In 2021, I was co-writing a lot with R&B singer Adrian Marcel for his upcoming full-length release. Adrian is from Oakland, so on a few occasions we rented an AirBnB in the Bay Area and locked in with other creatives for about a week at a time to work on music for the project. A number of talented artists, writers, and producers would come by and sit in, and it was there that I met and built relationships with Grammy-nominated producer Max Perry and Adrian’s longtime business manager Schreen Gomez. Max has worked with Berner for years, so when Berner wanted a female writer to write the hook for “Zoning”, he and Schreen recommended me for the opportunity. I was originally hired to write the hook for another artist to sing, so when the album came out with me listed as the feature I was honored. I will forever be grateful to Berner, Cozmo, Max, and Schreen for the part they all played in making that happen for me.

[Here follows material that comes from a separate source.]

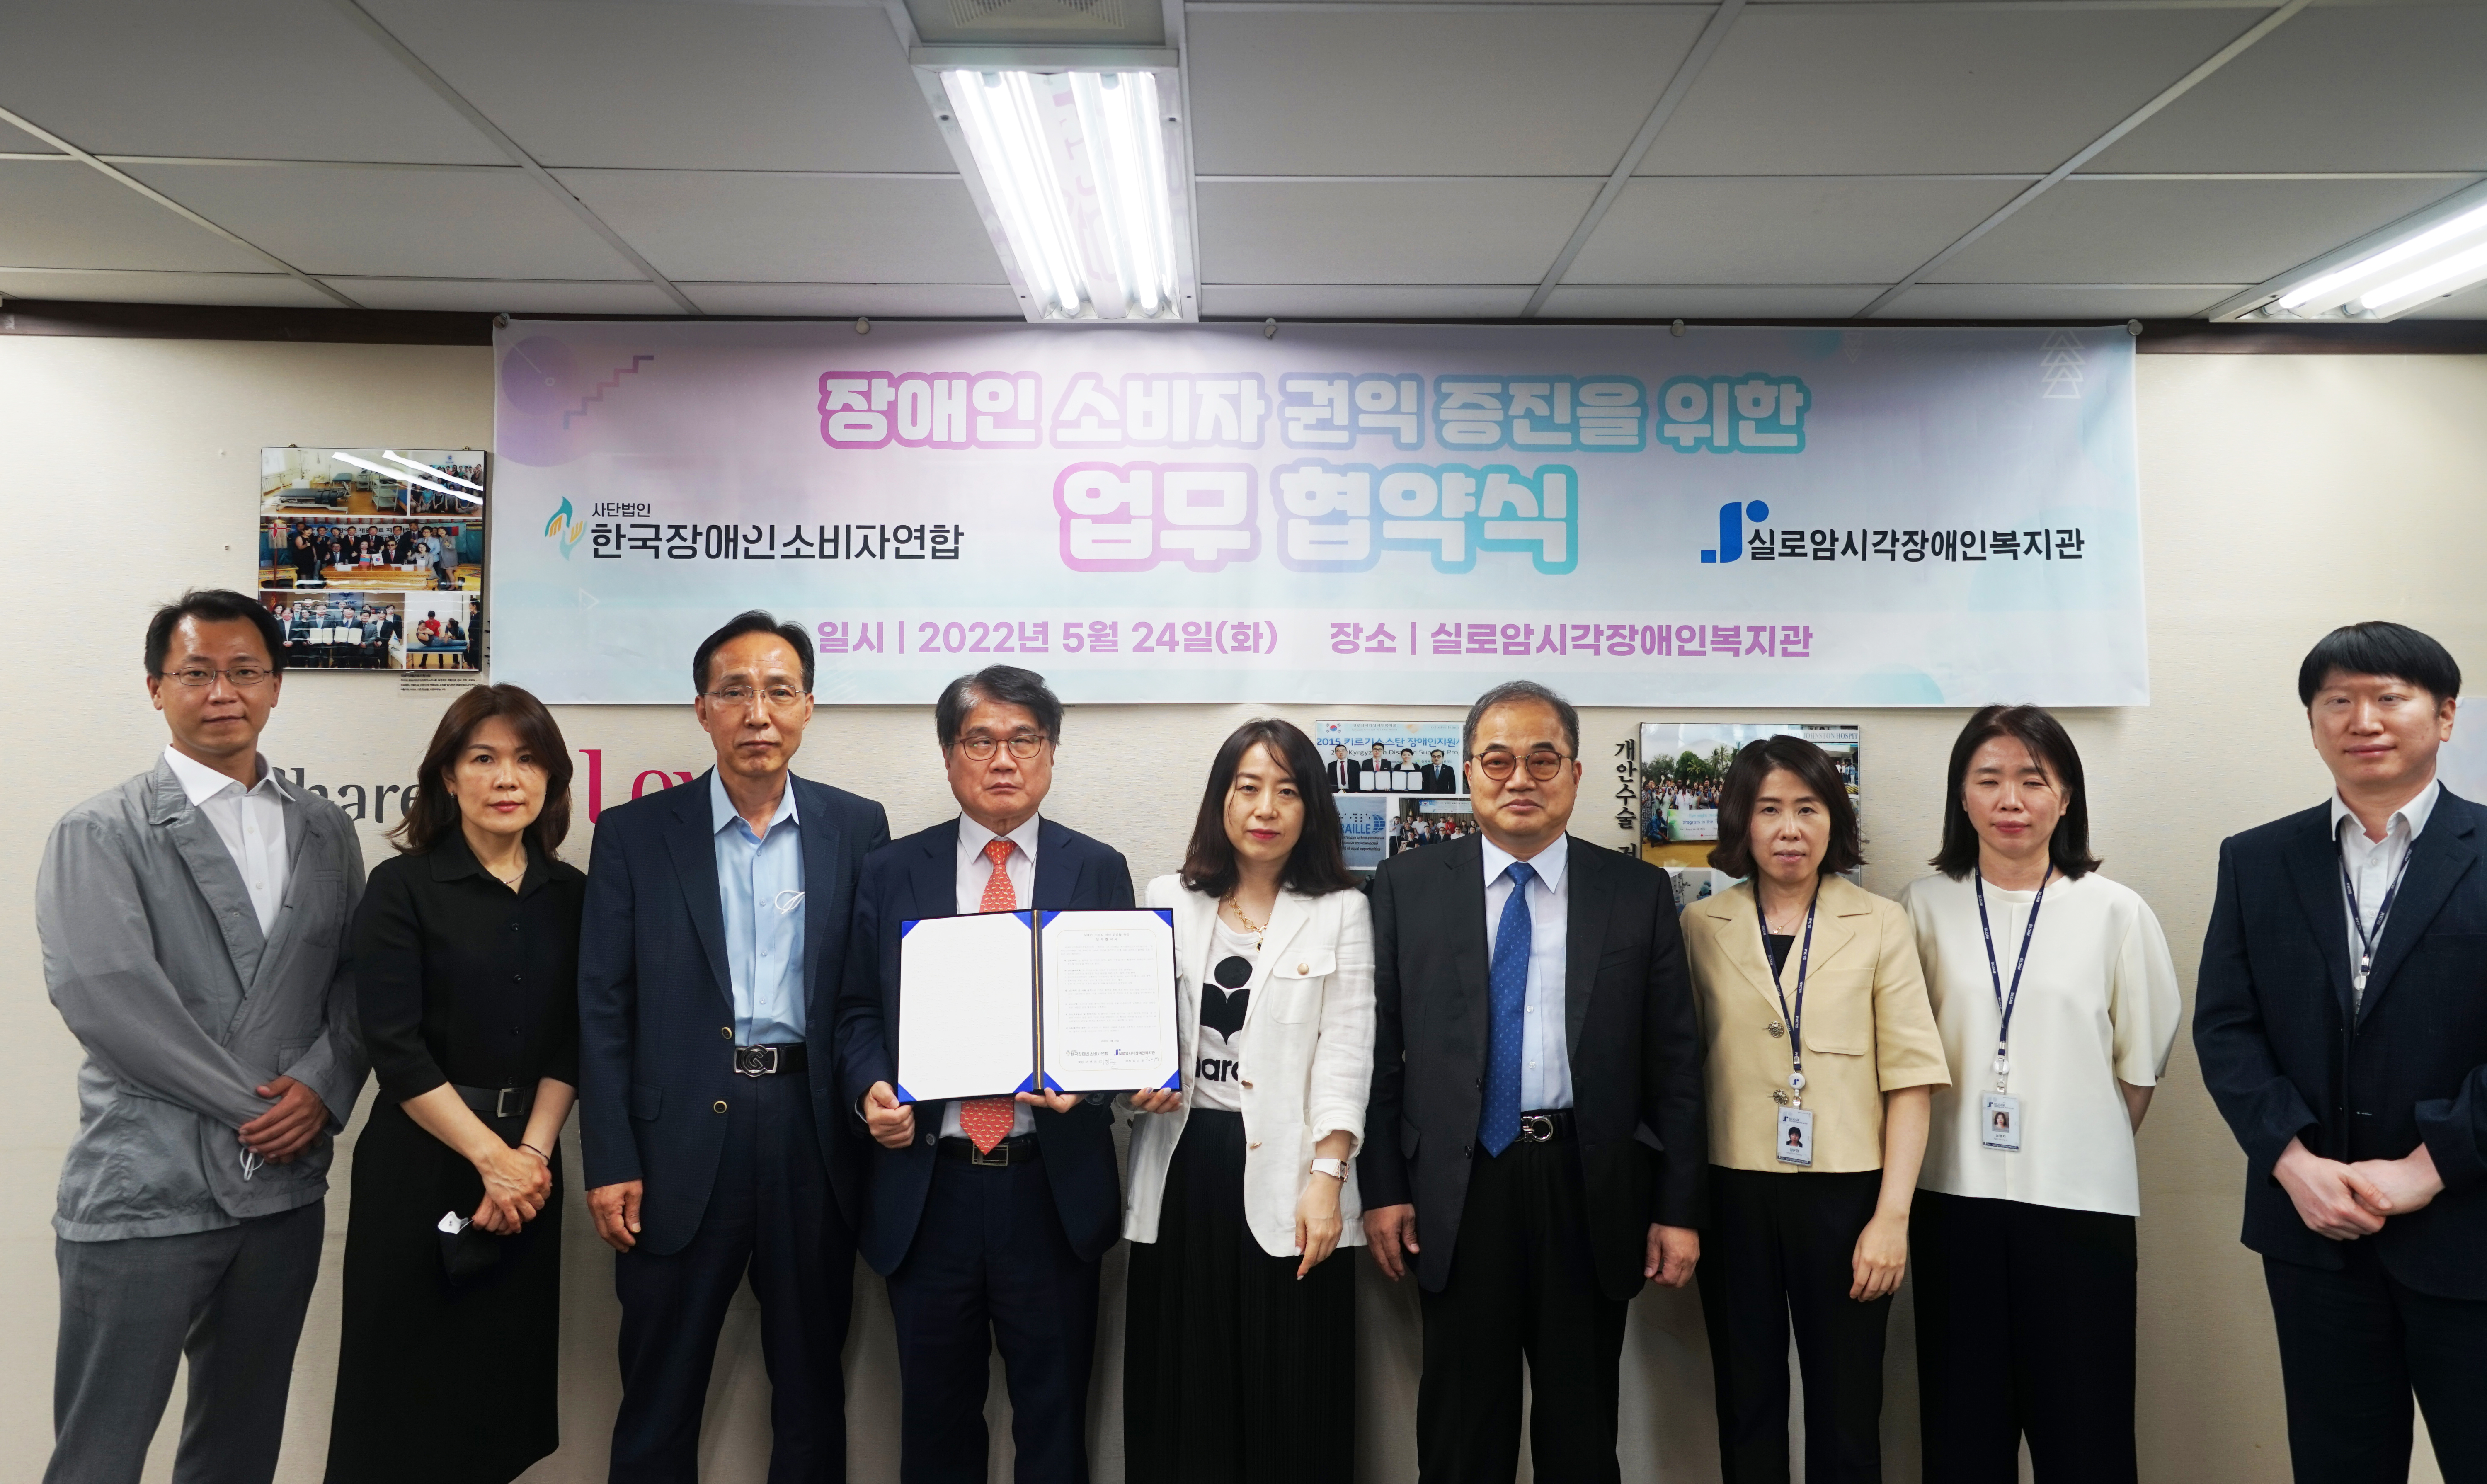 한국장애인소비자연합과의 장애인 소비자 권익 증진을 위한 업무협약식 진행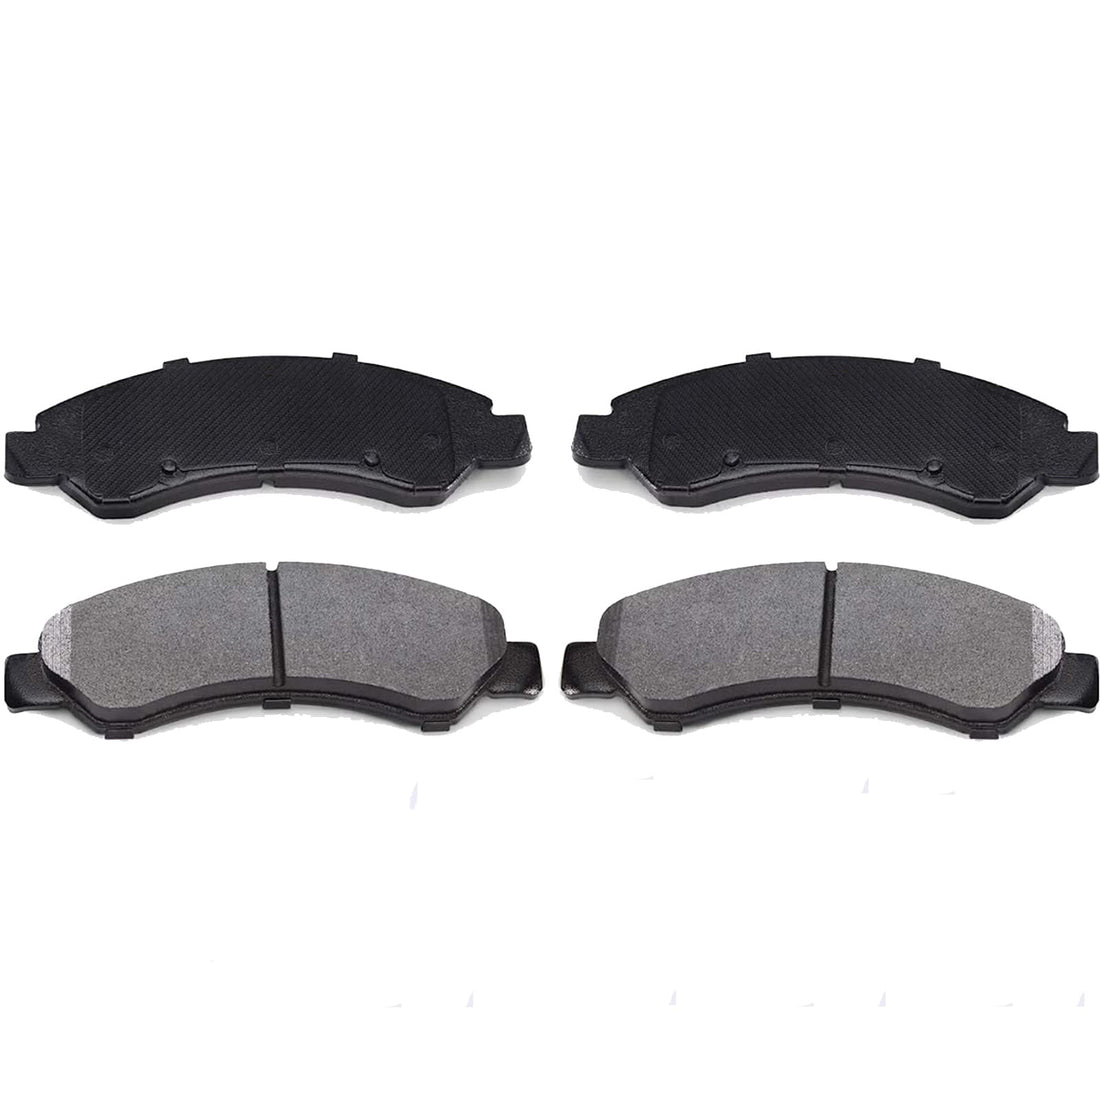 Rear Brake Pads,4PCS STP1020 Ceramic Rear Disc Brake Pads Replacement

Your previous single “What Not To Do” is also fabulous, both musically and lyrically. What’s the story behind that song?
When I decided earlier this year that I wanted to start writing songs for my own artist project, it was important to me that I was authentic and honest in the creation of the music I was going to release. I wanted to give my audience a glimpse of who I really am, flaws and all, and when I sat down to write the first song for the project I found myself reeling with doubt in places I thought I had healed. I realized that our outlook on life, the extent of what we dare to dream or hope for, can often trace back to our interpretation of a particular person or set of experiences in our past. This particular song is written about loving someone incapable of loving you back, but instead of understanding that they were incapable, you begin to believe that you yourself are hard to love. I believe there may be more people than we know who may relate to the sentiment.
Huge shout out to The LX who produced the beat for “What Not to Do”. He is an immensely talented producer.